SCImago Institutions Rankings
- Categories: Higher education
- Frequency: Annual
- First issue: 2009
- Country: Spain
- Language: English
- Website: www.scimagoir.com

= SCImago Institutions Rankings =

Ranking company

The SCImago Institutions Rankings (SIR), since 2009, has published its international ranking of worldwide research institutions, the SIR World Report. The SIR World Report is the work of the SCImago Research Group, a Spain-based research organization consist of members from the Spanish National Research Council (CSIC), University of Granada, Charles III University of Madrid, University of Alcalá, University of Extremadura, and other education institutions in Spain.

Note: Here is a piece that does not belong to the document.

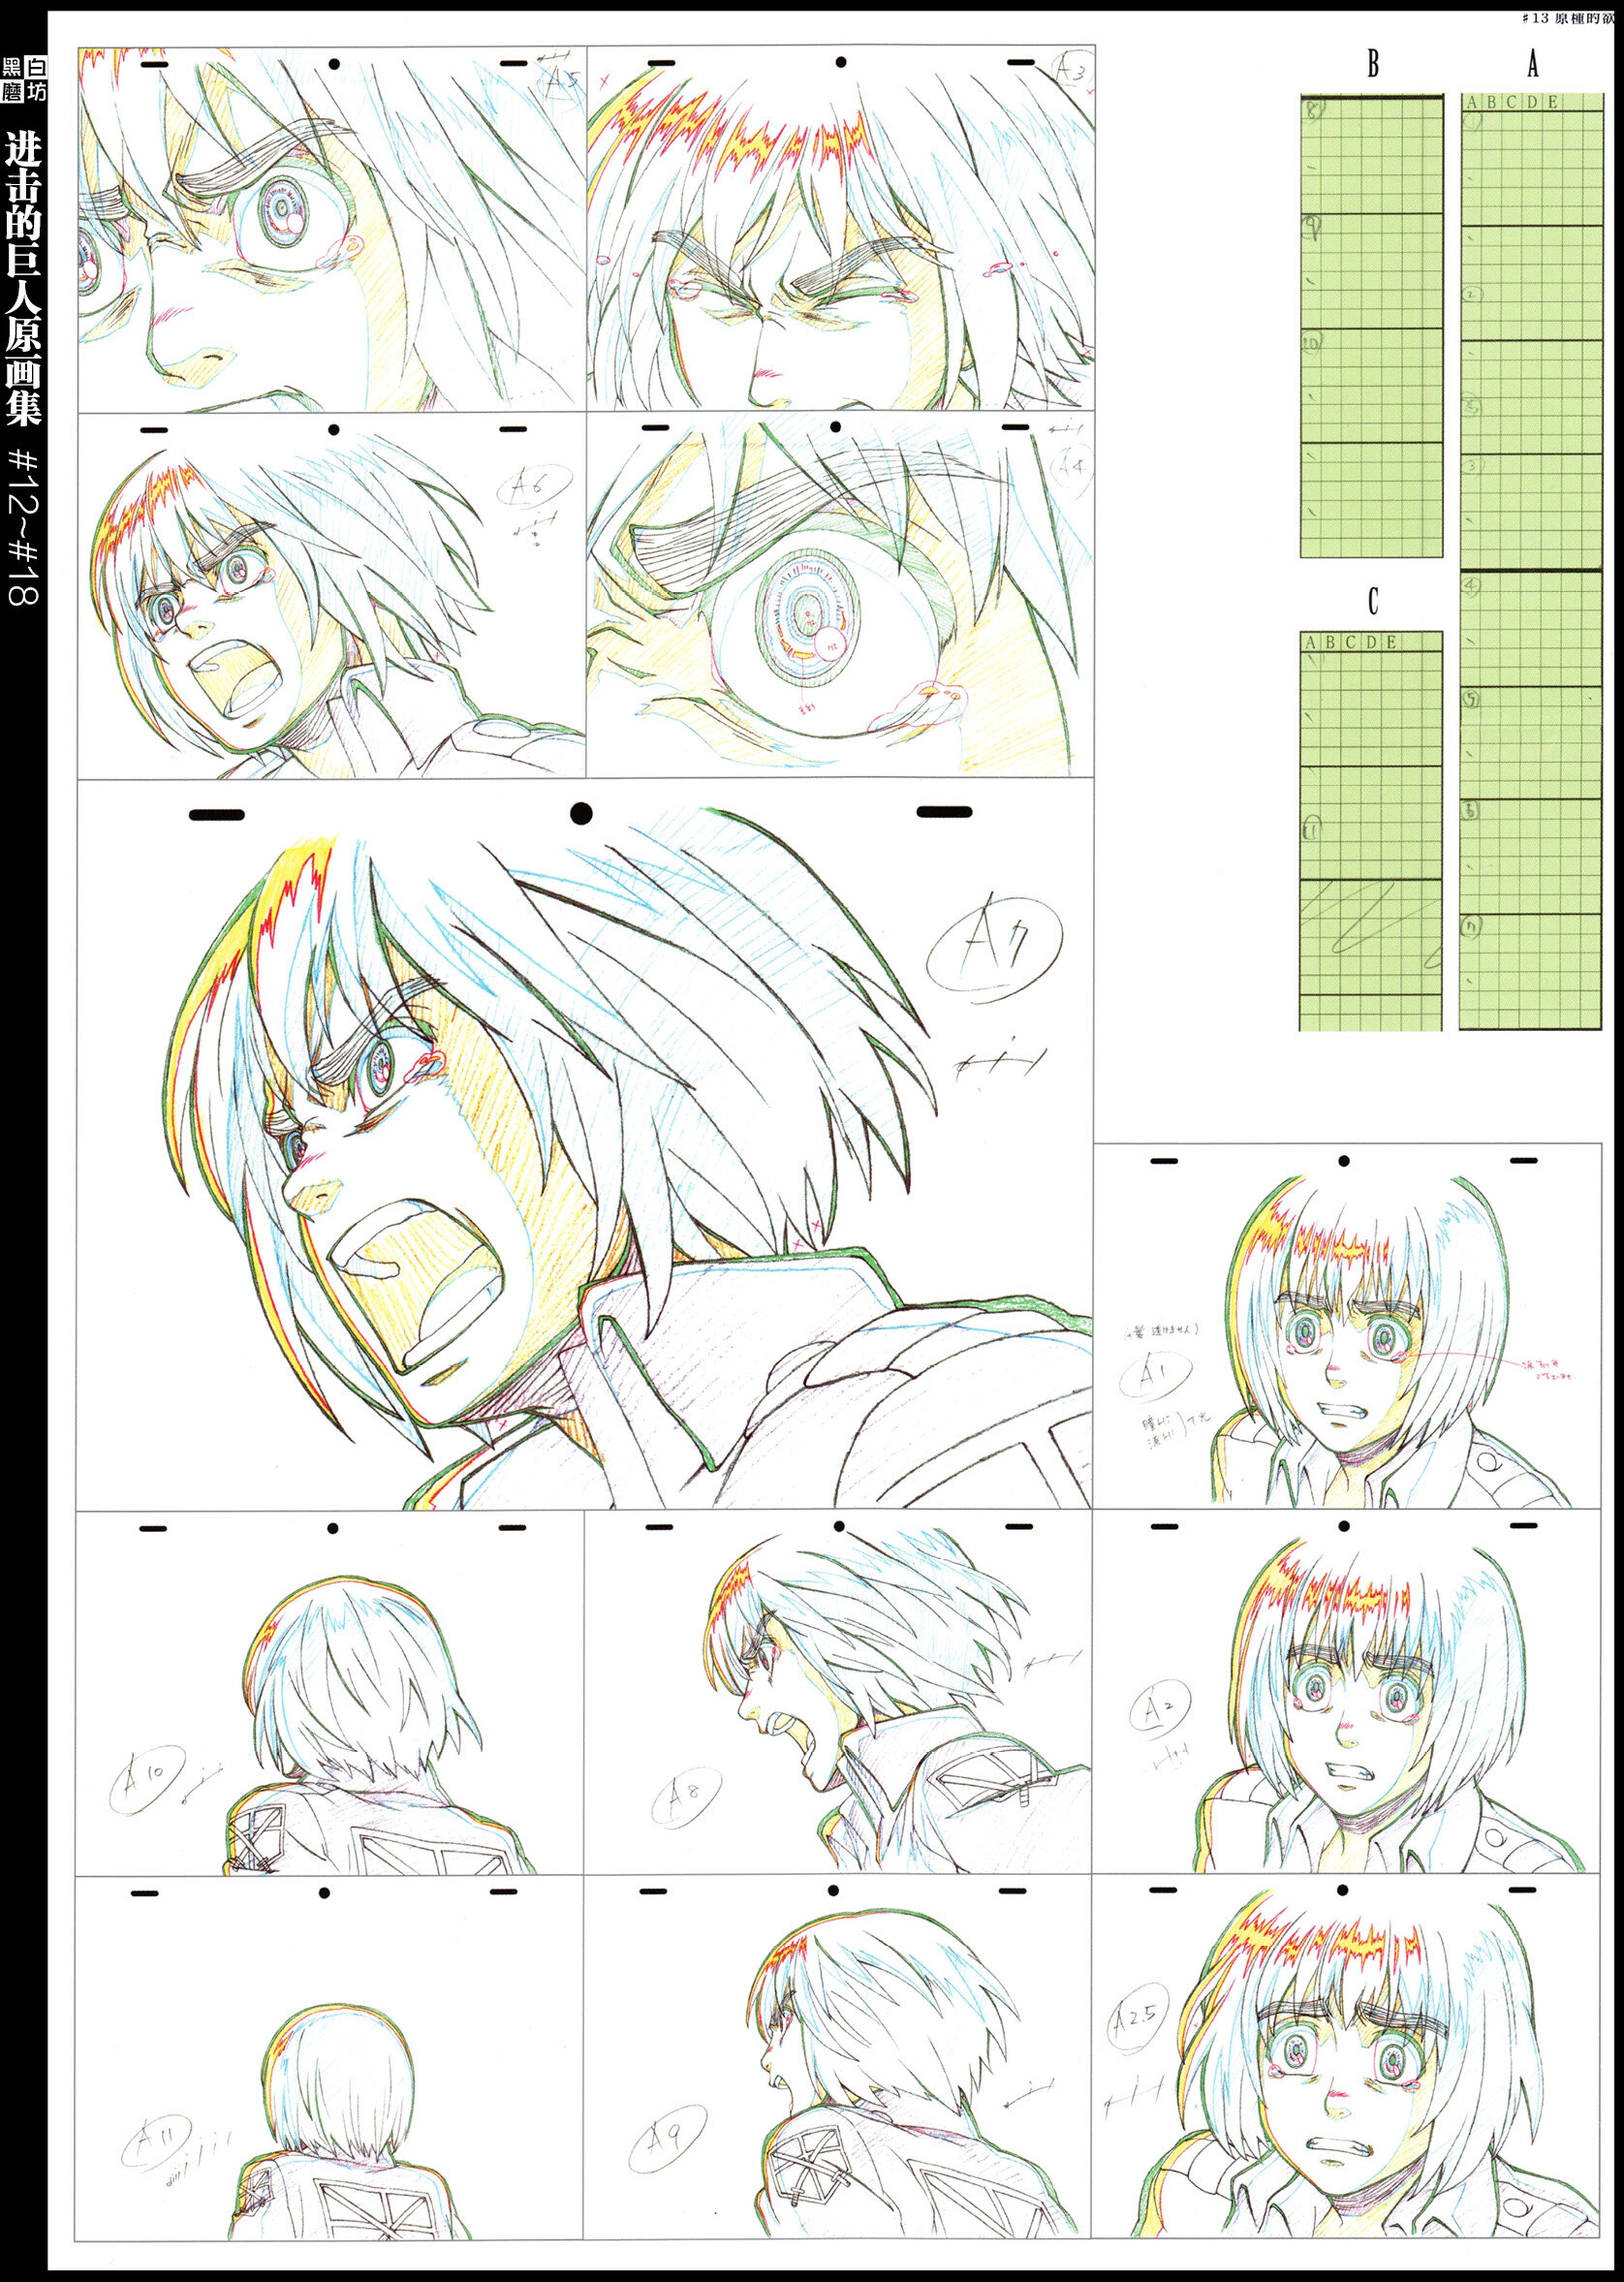 Attack On Titan - Shingeki no Kyojin - Drawing For Animation Vol. 2 -  [zwei] Art Book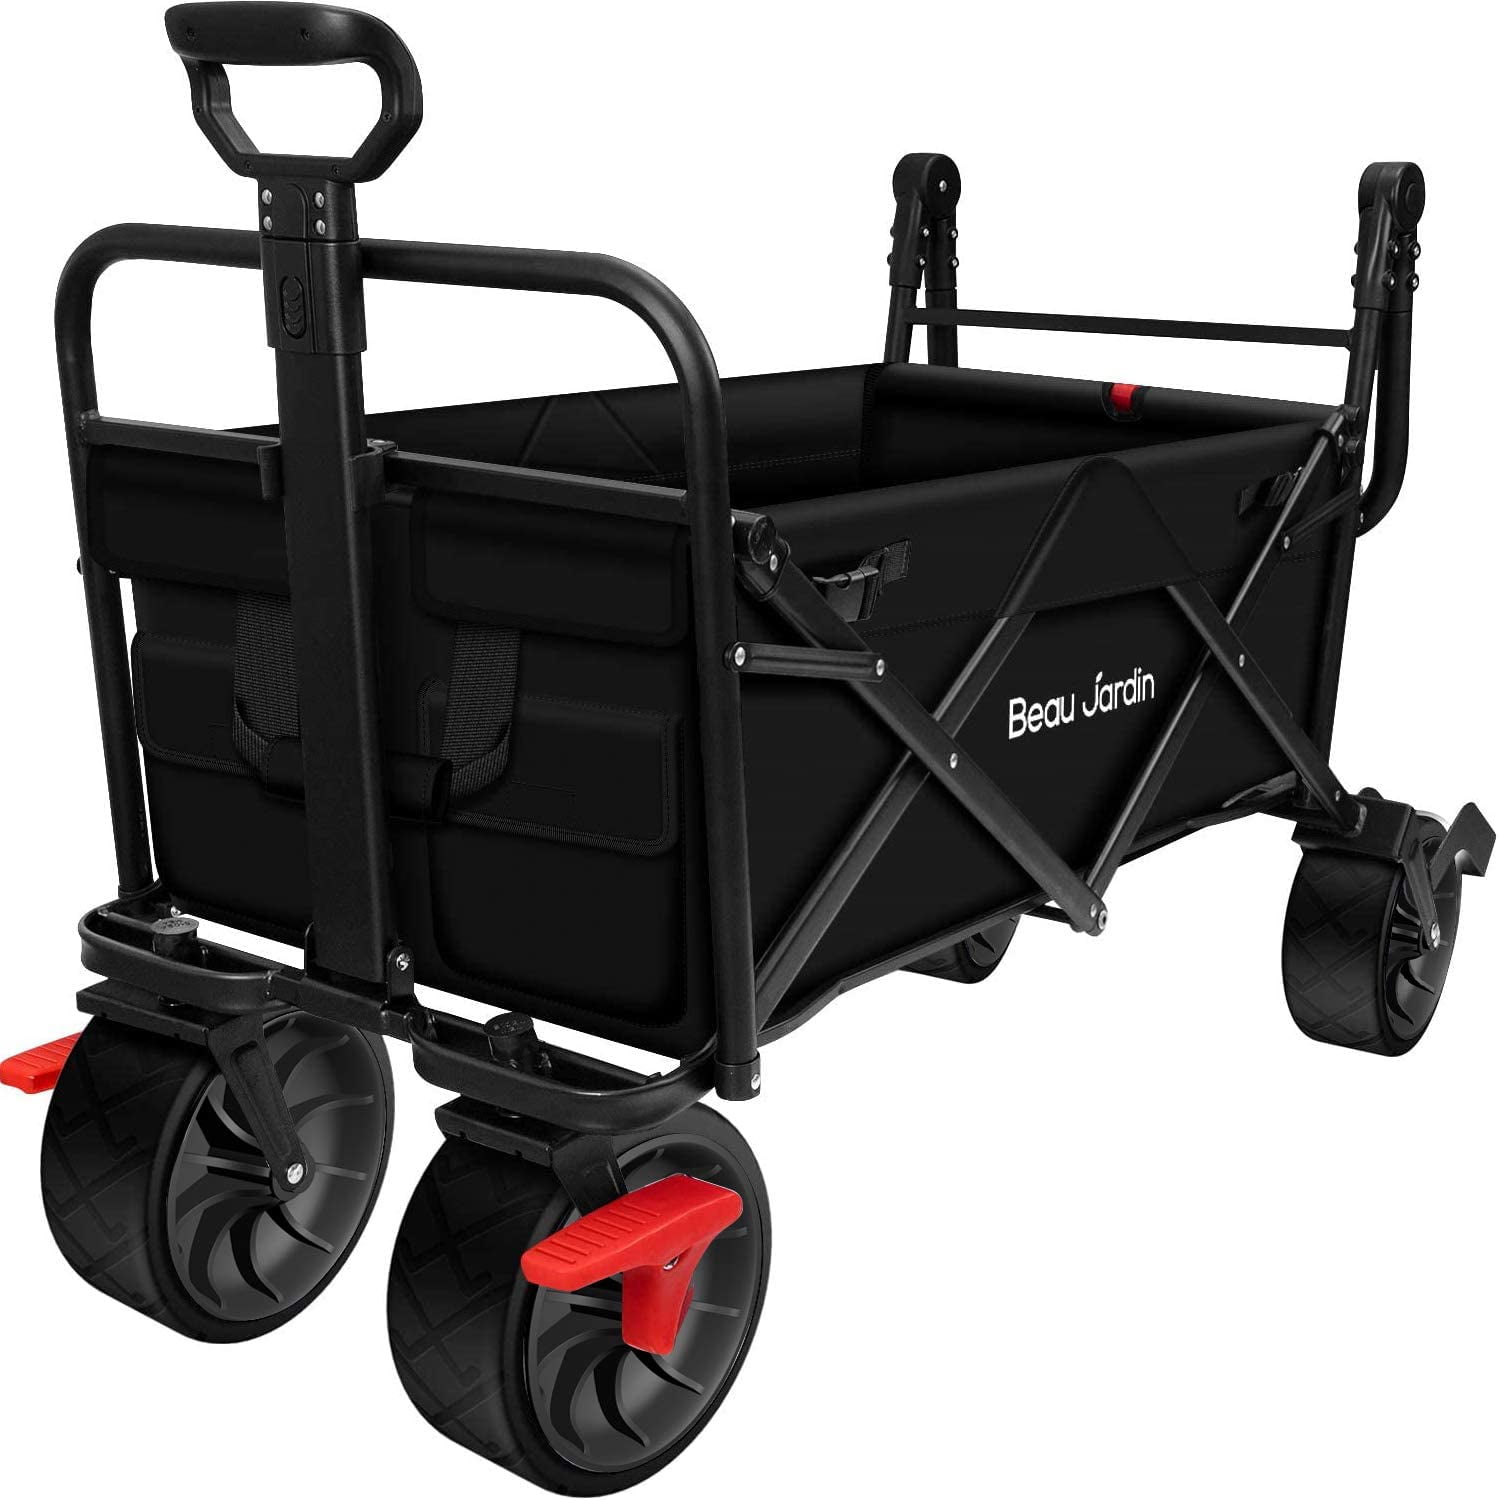 BEAU JARDIN Folding Wagon Cart with 1 Nylon Net 2 Straps Canopy Collapsible

The ranking is divided into five sectors: government, health, higher education, private, and others. For each, it measures areas such as: research output, international collaboration, normalized impact, and publication rate.

== Indicators ==
Indicators are divided into three groups intended to reflect scientific, economic, and social characteristics of institutions. The SIR includes both size-dependent and size-independent indicators; that is, indicators influenced and not influenced by the size of the institutions. In this manner, the SIR provides overall statistics of the scientific publication and other output of institutions, at the same time that enables comparisons between institutions of different sizes. It needs to be kept in mind that, once the final indicator has been calculated out of the combination of the different indicators (to which a different weigh has been assigned), the resulting values have been normalized on a scale of 0 to 100.